Even if I rebalanced every quarter, I would look at a new set of stocks a week later—in another port or something. I would not be chasing week-old information. But I don’t watch yesterday’s news on TV either—could be just me.

That is what I would consider as a strategy. In truth, I put the order in in the morning and watch. Never changing it—not really a strategy.

But at the end of the day when the accounting is done, I do beat the sim (or port on auto) and the more trades I make the more I beat it.

-Jim

Then I guess we’re trading on entirely different planets, because that doesn’t work 100%.
I keep track of all my attempted sell/buy orders. In 2018 I made 65 attempts with about 10% of them running away from me (Following about 3-4 systems with low turnover). Some tank and are losers, others are winners but I have no reliable way of predicting which is a loser and which is a winner. Some initial tankers make a U-turn and become winners and vice versa.
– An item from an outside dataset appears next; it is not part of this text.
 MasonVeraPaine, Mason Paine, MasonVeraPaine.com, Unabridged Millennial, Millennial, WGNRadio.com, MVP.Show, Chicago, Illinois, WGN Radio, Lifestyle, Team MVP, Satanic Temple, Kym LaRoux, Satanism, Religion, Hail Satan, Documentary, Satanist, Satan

I do not have time to watch and adjust orders throughout the day. In fact, I can’t even wait to see what happens at the open as I’m a west-Coaster and I need to…go to work!

I set my orders on Sunday based on previous close.
Close to minus 0.5% for sell orders
Close to Plus 0.5% for buy orders
I make them for the entire week and I do not adjust. About 70% of them go through on Day 1. Others are filled throughout the week, or not at all

I cringe at the thought of my transactions quadrupling or more. There’s no reason to believe that the ratio of run-away orders would decrease.
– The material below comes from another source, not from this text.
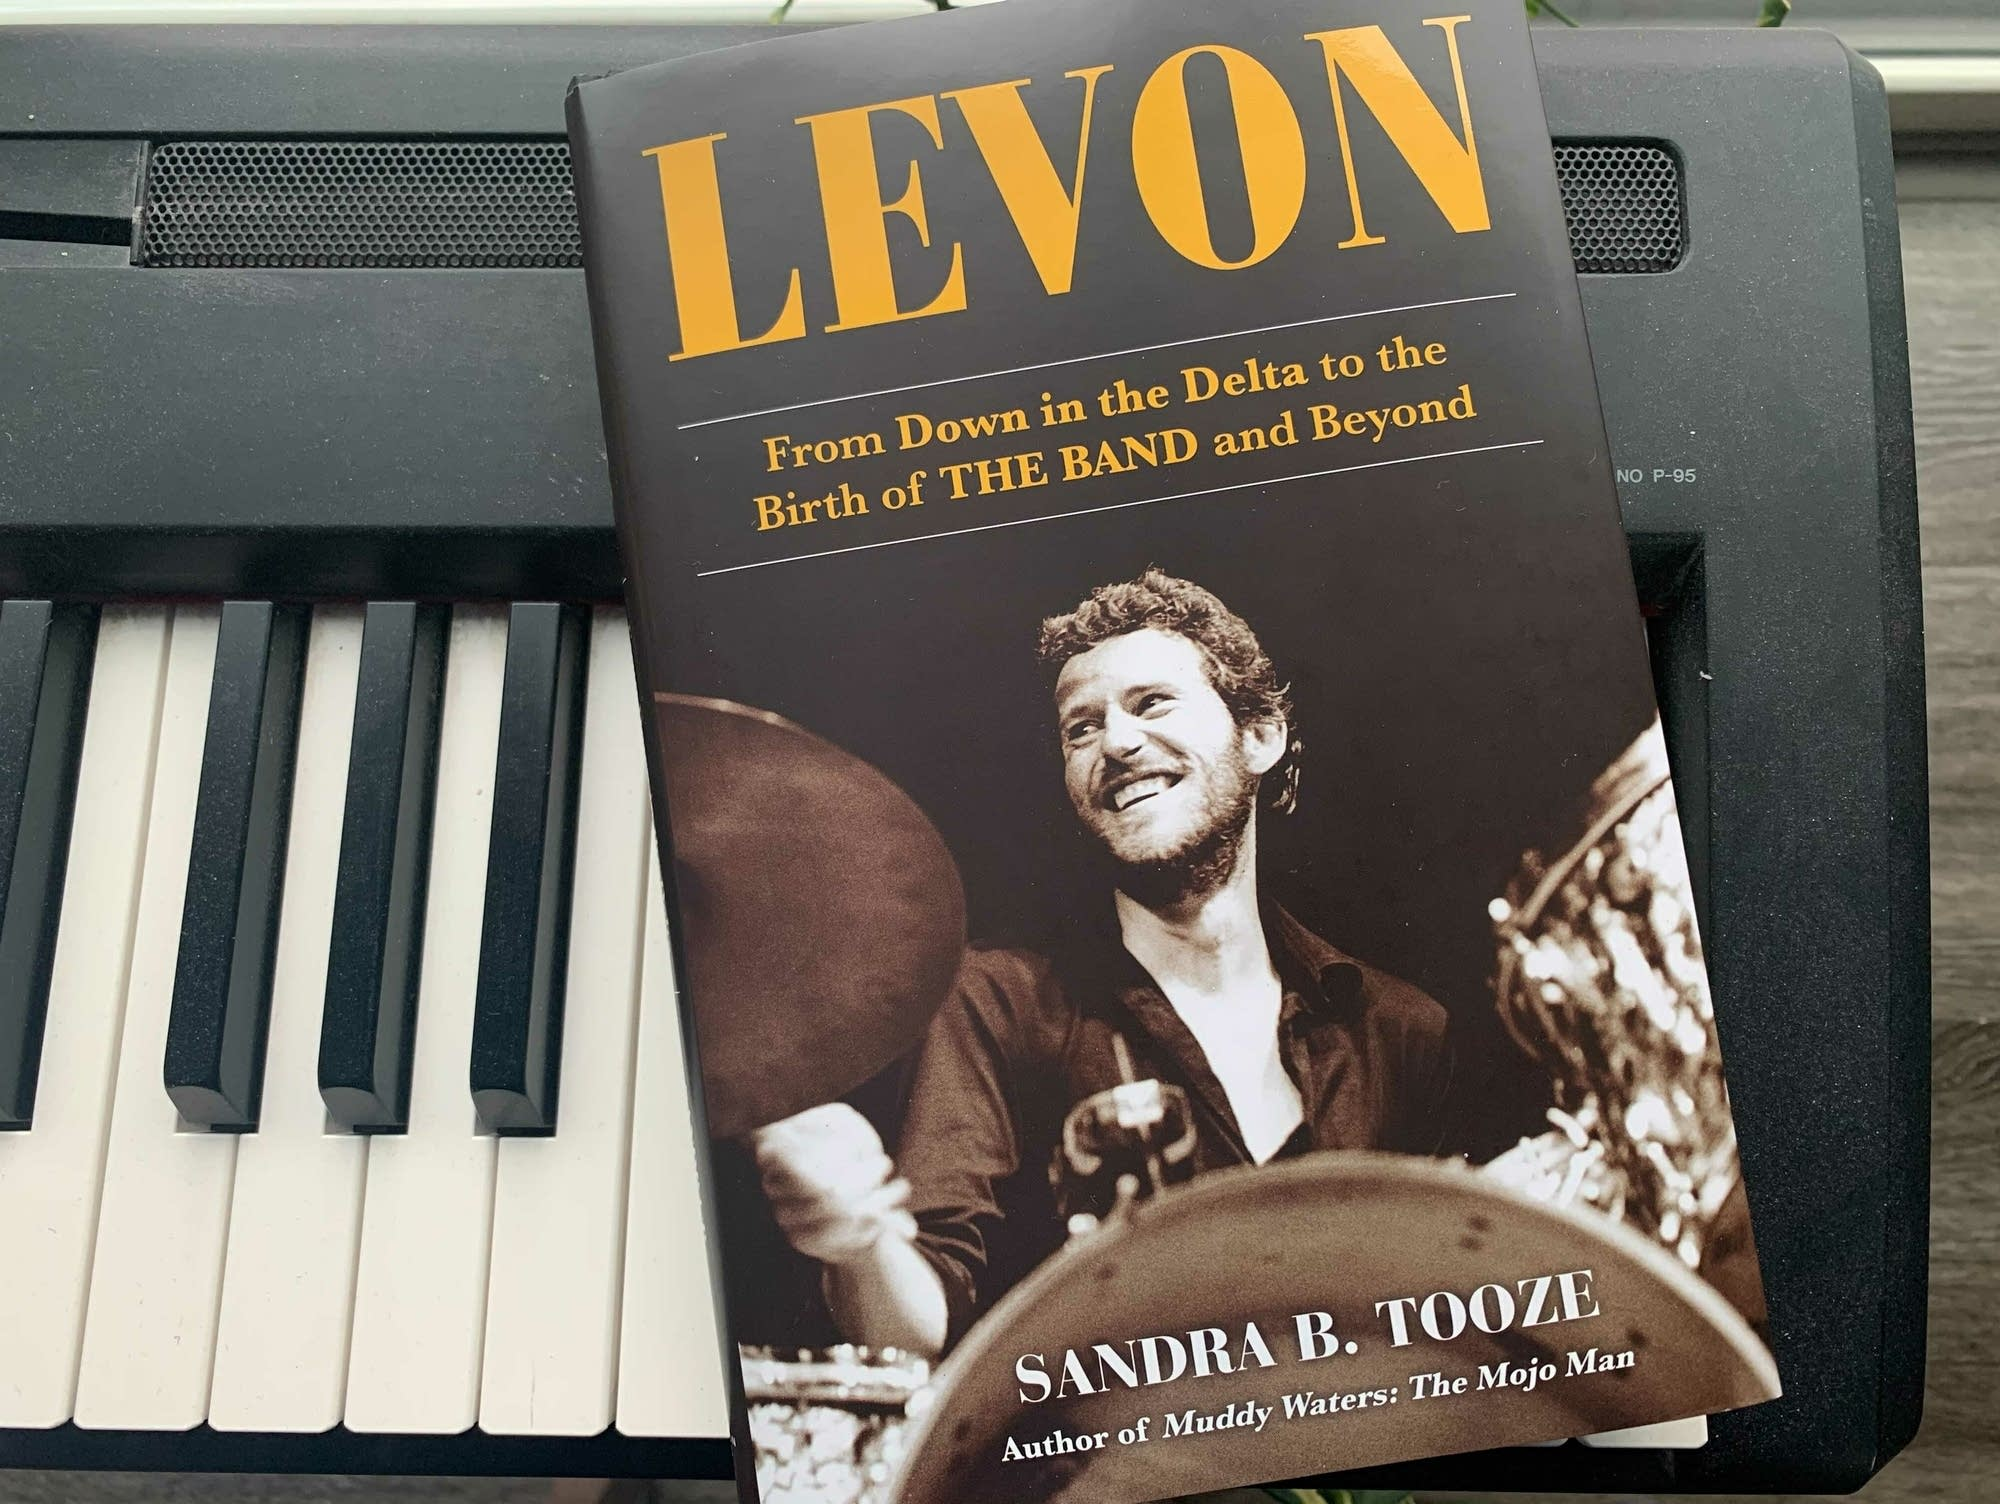 Levon Helm biography resting on keyboard.

If owners of DMs are intending followers to monitor open prices, adjust, watch, calculate VWAPs, etc…then it’s absolutely no mystery to me that there’s so little interest in current DMs. You have to understand your target audience.
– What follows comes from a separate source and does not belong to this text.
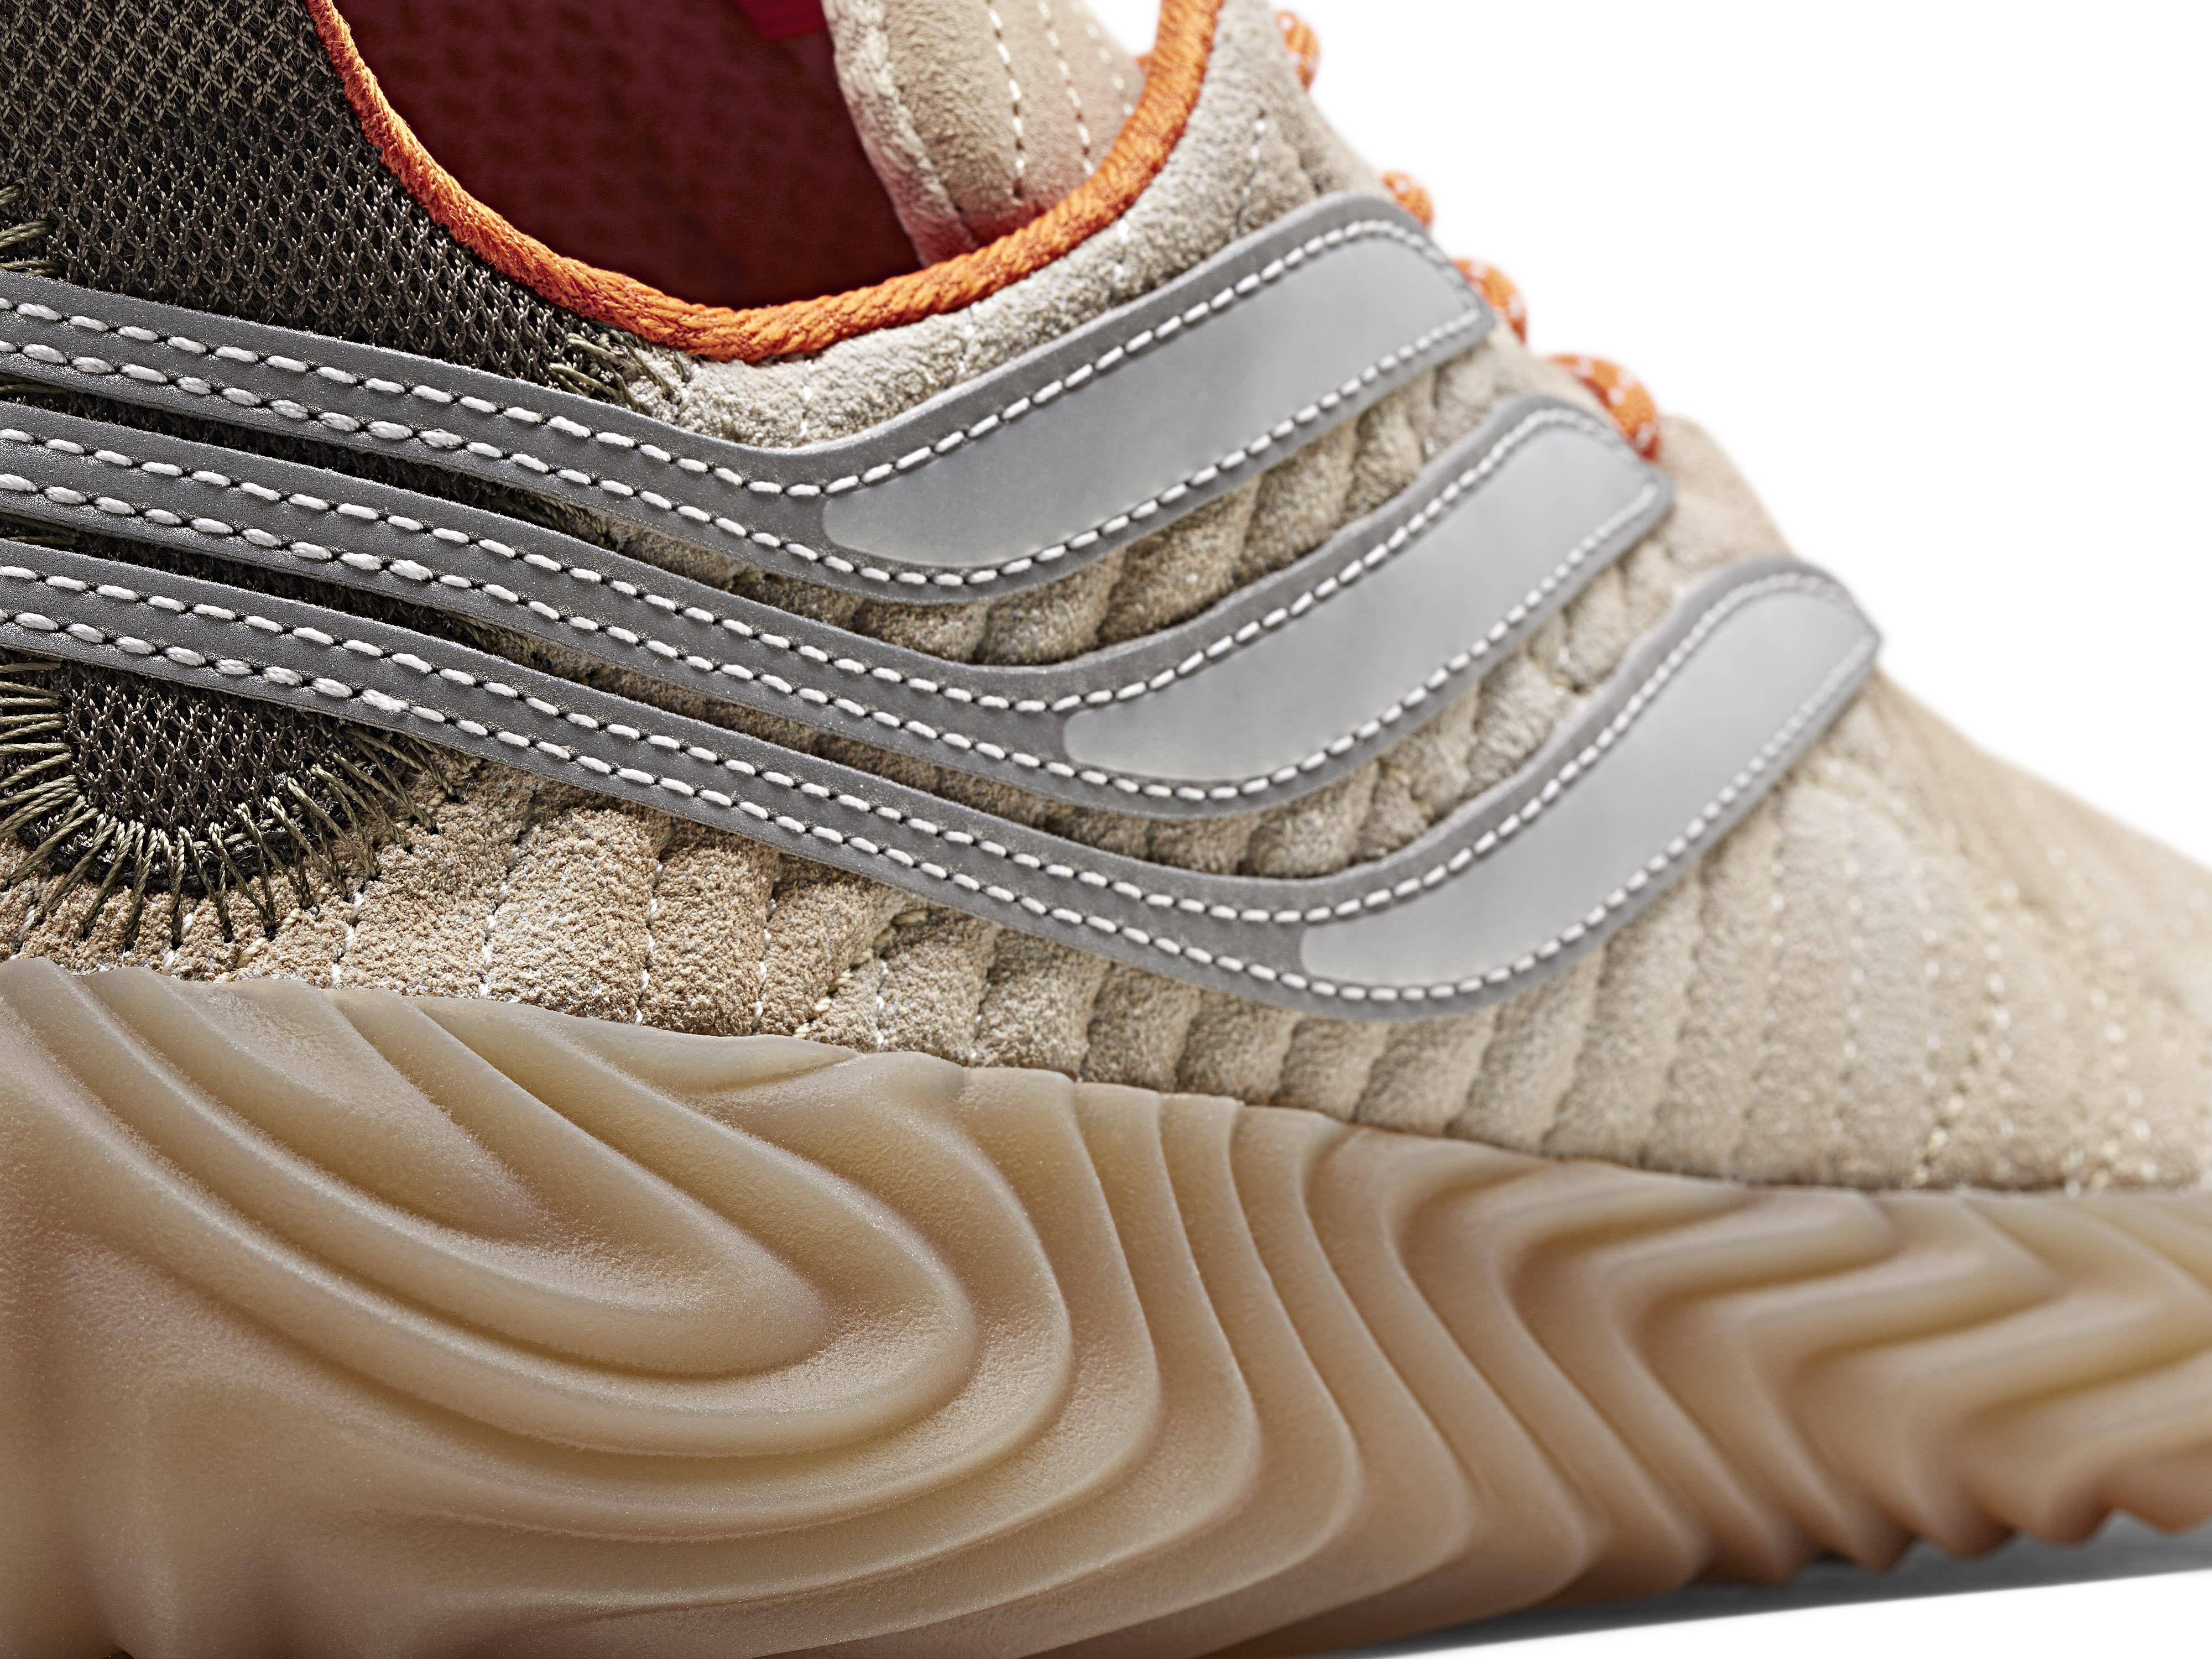 Bodega x Adidas Sobakov BC0818 (Detail)

Maybe just different ports with different liquidity or different expected returns for each purchase. Thank you for sharing your experience!

-Jim

Hello,

Lot’s of great points mentioned but the most important reason is the probability of selecting a DM that will perform well Out of sample. This is a very difficult choice and knowing what is under the hood is important but there is one more thing that greatly influences the decision. The reputation of the designer. My numbers are not exact but since the first 2 years of DM launched there are only 30 models that have positive excess return over the last 2 years out of 120 total. I’m sure the numbers are not much different since inception. If you were to include the grave yard the numbers would be magnified 2 or 3 times. Let’s say a designer has launched 10 models since 2013 and has retired 8 with bad performance and 2 are left from 2014. In 2014 there is no way for me to decide which of the 10 DM to invest in since I have no way of knowing which ones work. Fast forward during that time period the designer launches another 5 models that have great back tests but very little OS performance. Would you invest in any of the new five models if you knew the same designer has retired 8 that don’t work? The point is as a Designer you hurt your credibility by retiring models that don’t work. I’m not sure how to fix this since no model is perfect but since the vast majority of models fail it is really hard to pick a DM with a high probability of future success. I think the Designers who are successful will have 50% of there models beating the market over the long term and this will be combined in a book explaining the strategy of how these DM will beat the market over the long term. If the strategy does not work deleting it is not the solution since your credibility is gone just like the deleted model.

Regards,
MV

d

“In 2014 there is no way for me to decide which of the 10 DM to invest in since I have no way of knowing which ones work. it is hard to pick a model with high probability of future success”

Well, it is not only 2014, it is ALWAYS. What you are looking for is a nice wish but an illusion.
NO model and no parameter will give you a guarantee, not even a “high probability” that a model (or any model) will result in future financial success.
Otherwise the whole game would be easy.